Before I go hunting, I find that its best to practice that morning on your catch box to dial in your shooting before you go out. I usually take about 100 shots before I head out on a hunt.

This is what I did and it may not work for everyone but has served me well.

Clever Moniker


----------



## August West (Jan 21, 2012)

Start with light bands and develop technique first. I believe that static shooting at targets from known distances stinks for hunting practice. Bouncing cans around at unknown distances, roving and shooting at as many angles as possible will help your hunting accuracy imo. How much practice? There is no such thing as too much, I shoot at least a few shots everyday.

Buy what you need to make your own bandsets and learn to make them, tubes or flats. You will save tons of money in the long run and will wear out a lot of sets honing your accuracy.

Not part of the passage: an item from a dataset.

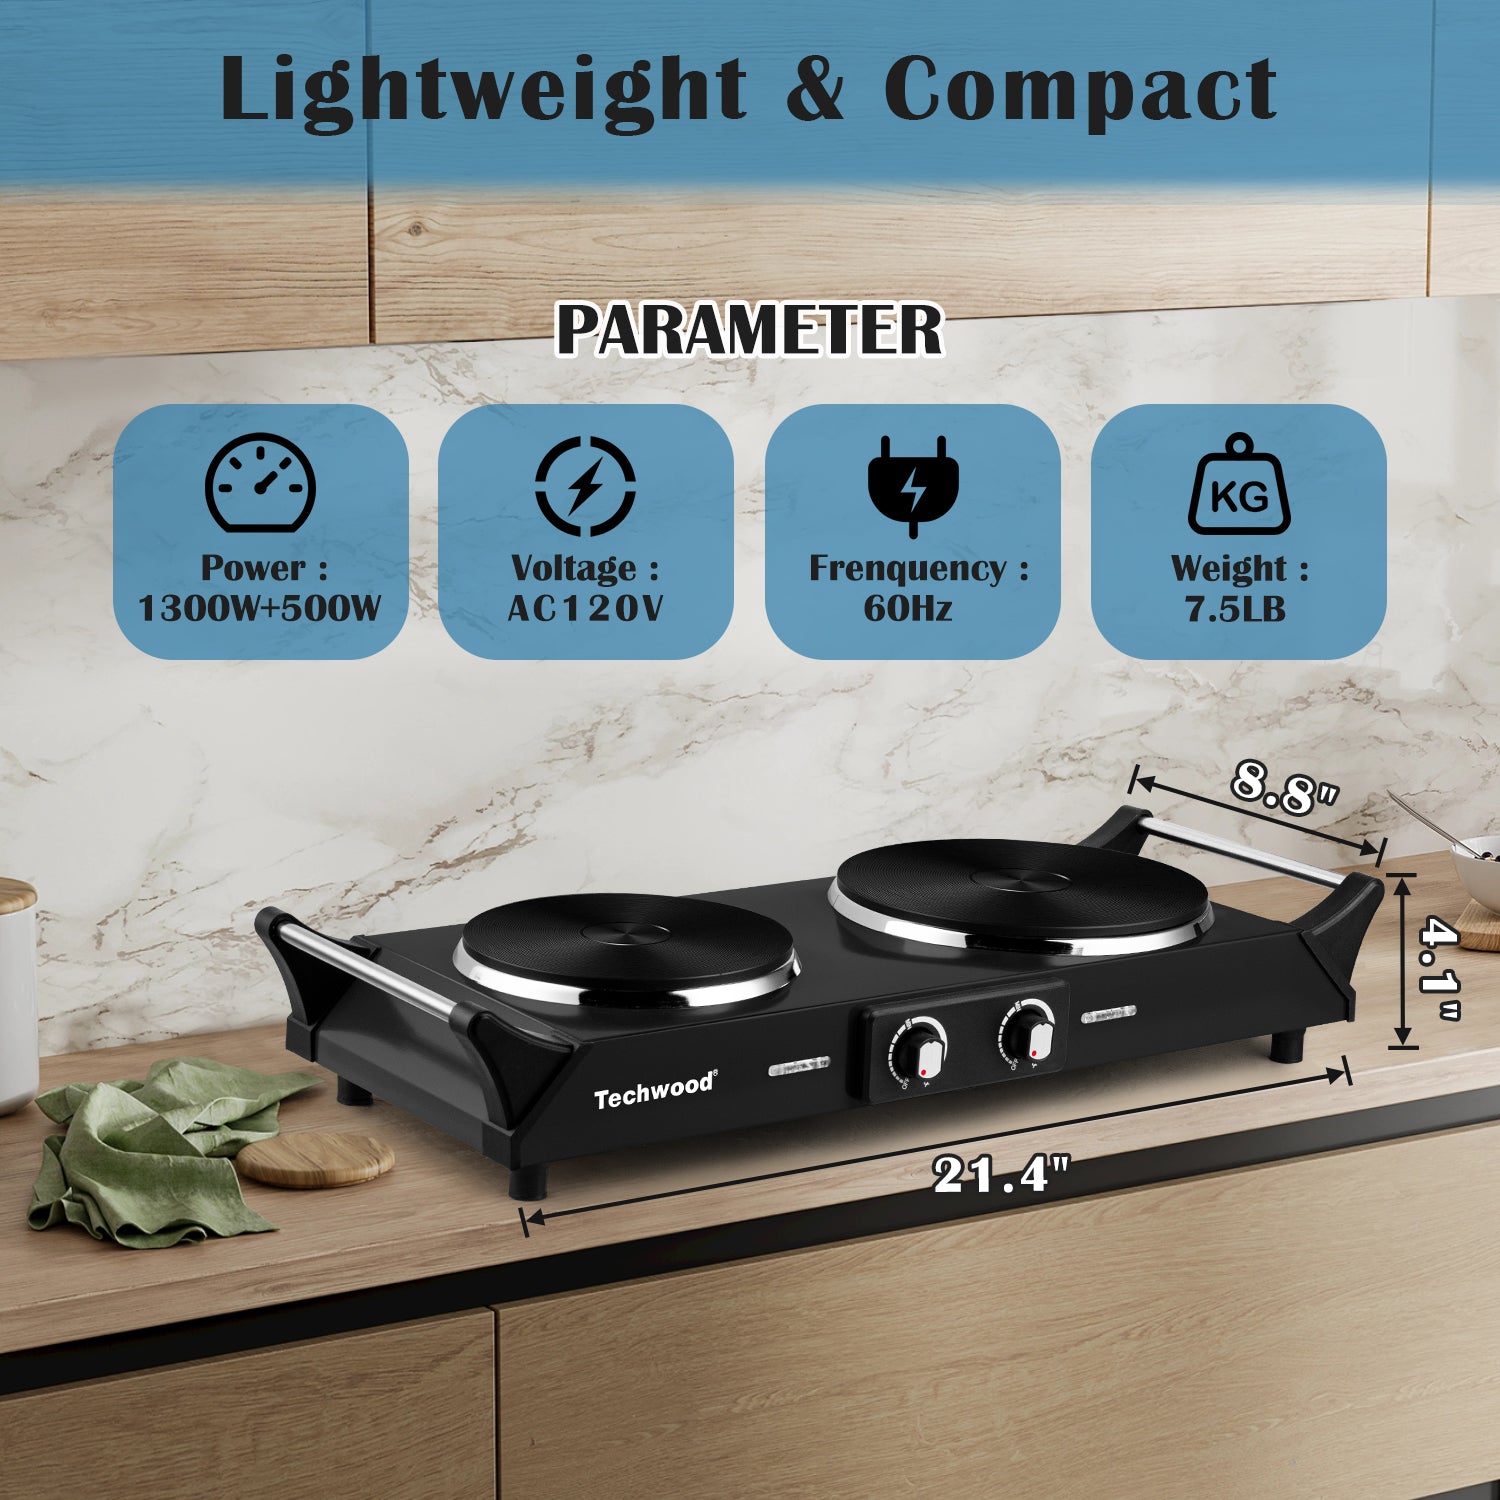 Hot Plate Techwood Doubel Burners for Cooking 1800W Countertop

Doves and rabbits are fairly easy slingshot game but squirrels are in another category all together, requiring more precise accuracy and as much energy as you can accurately shoot. I have seen them soak up an unbelievable amount of punishment and keep on trucking.


----------



## Imperial (Feb 9, 2011)

since i view it as a hobby and as fun, i dont really practice . i just set up anything for targets at different distances, on the ground, up in trees and on tables or posts (for the waist/eye level shots) . the can on the ground and chasing it around is a good skill for ground based game, just use both tin(steel) cans and aluminum cans. i also use differnet ammo- paintballs, rocks and .177 b.b.s.


----------



## August West (Jan 21, 2012)

Oh and as for the bouncing the can around on the ground, ONLY do this in a safe area, I happen to know from experience, bad experience, that you can get some wicked ricochets off of tin cans.

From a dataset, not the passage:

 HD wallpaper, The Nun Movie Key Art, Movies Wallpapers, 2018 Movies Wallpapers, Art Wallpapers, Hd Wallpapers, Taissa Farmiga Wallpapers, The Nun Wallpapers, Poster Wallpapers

EDIT: and if you don't want to believe me, my wife will be more than happy to tell you about the glass, hand painted hummingbird feeder that she used to have, and about the new one that I am going to buy her.


----------



## capnjoe (Jun 3, 2012)

Just practice. Only don't treat it as practice, Treat each shot with the same amount of criticism. Focus well and be deliberate.

Finding your own groove is the key. That encompasses band length, width and draw length. Rhythm as well...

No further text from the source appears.